Cat urinary blockage can't afford

Home remedy for urinary blockage in cats

It is important to remember that while our first instinct may be to try and treat our pets ourselves using natural remedies or supplements; urinary blockages can be life-threatening. These products will not dissolve the blockage and can actually cause more harm than good. If your cat is suffering from a urinary blockage, it is imperative that you seek veterinary care immediately!

How much does it cost to treat a cat with urinary blockage?

The average cost of treating a cat with urinary blockage is $1,200. The total cost will depend on how severe the blockage is and whether there are any complications. One study found that the average cost of treating a cat with urinary blockage was over $2,000, but the average cost reported by pet owners is much lower. It’s important to remember that this number is just an average, so it’s possible to pay much more or less than this amount.
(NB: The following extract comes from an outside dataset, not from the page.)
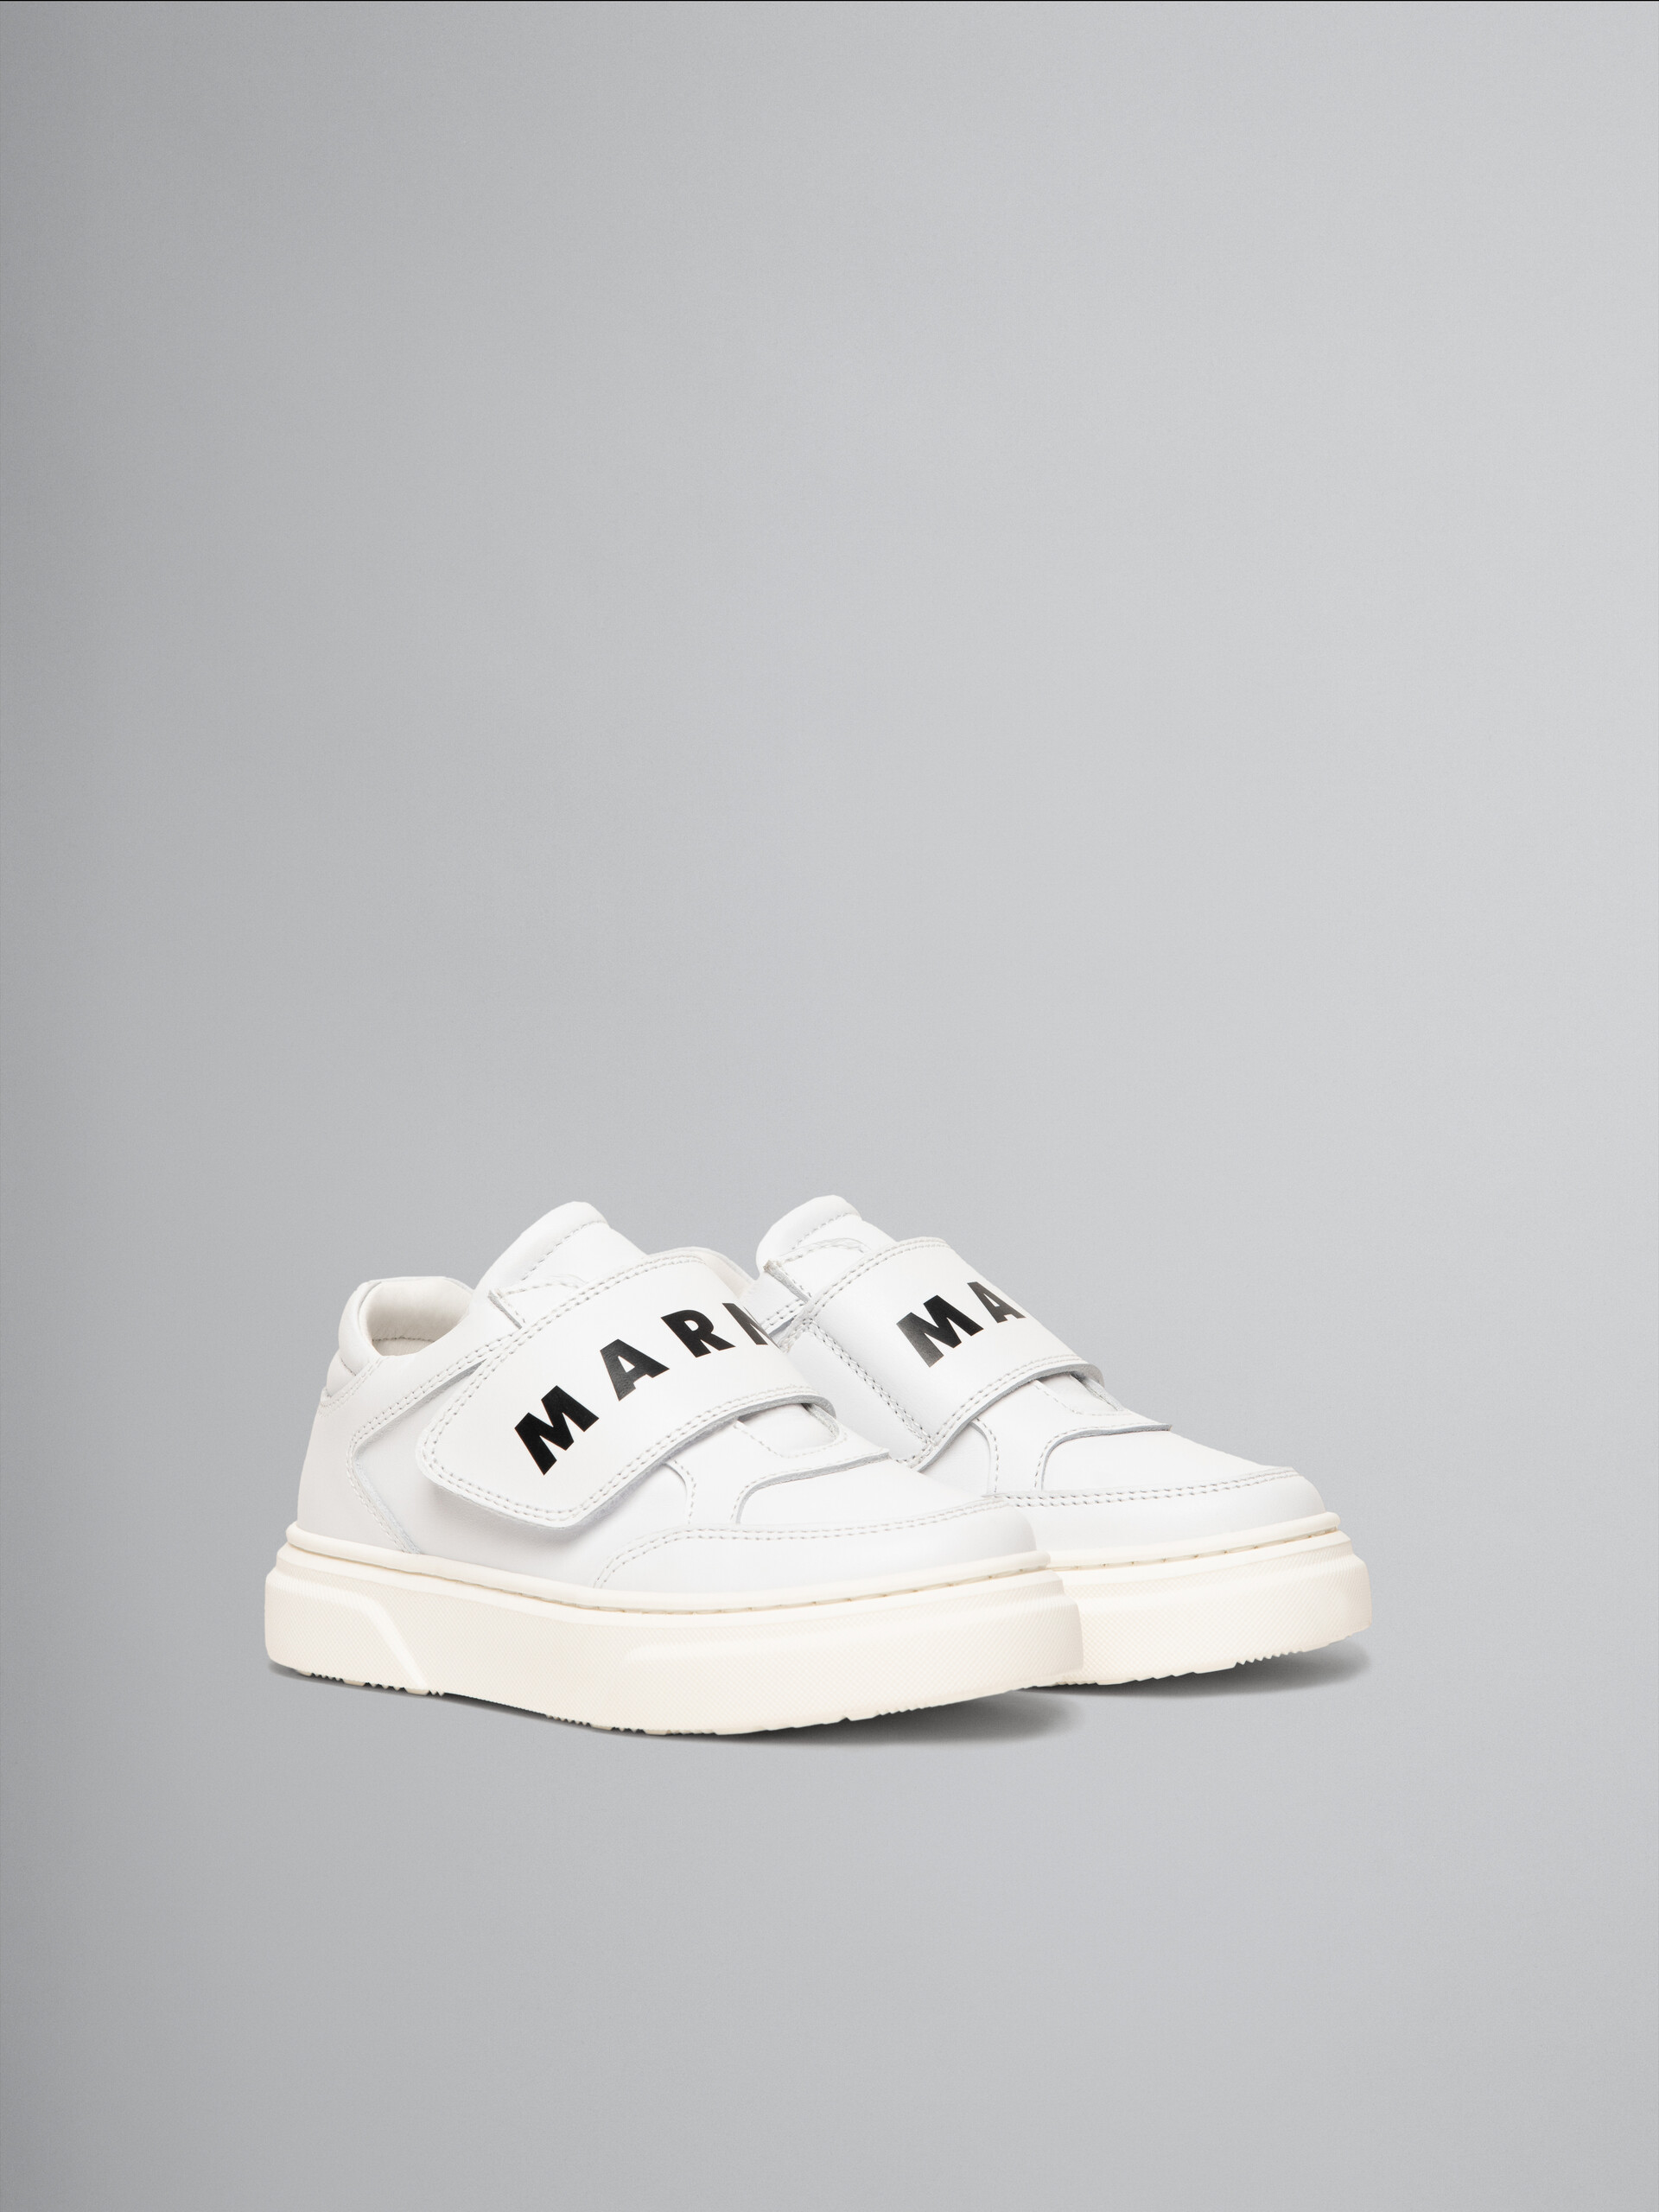 White leather sneaker with maxi strap - Other accessories - Image 2

My cat has urinary blockage and I have no money

If your cat has a urinary blockage and you are unable to afford treatment, you may need to consider some of the following options for financial assistance.

1. Payment plans

Some veterinarians have payment plans available for clients who cannot pay their balance all at once. If you are unable to afford the full cost of the treatment, see if your veterinarian will work with you on payments. Many veterinarians will also allow you to make payments on a credit card, which may allow you to take advantage of interest-free financing options if any are offered by the card issuer.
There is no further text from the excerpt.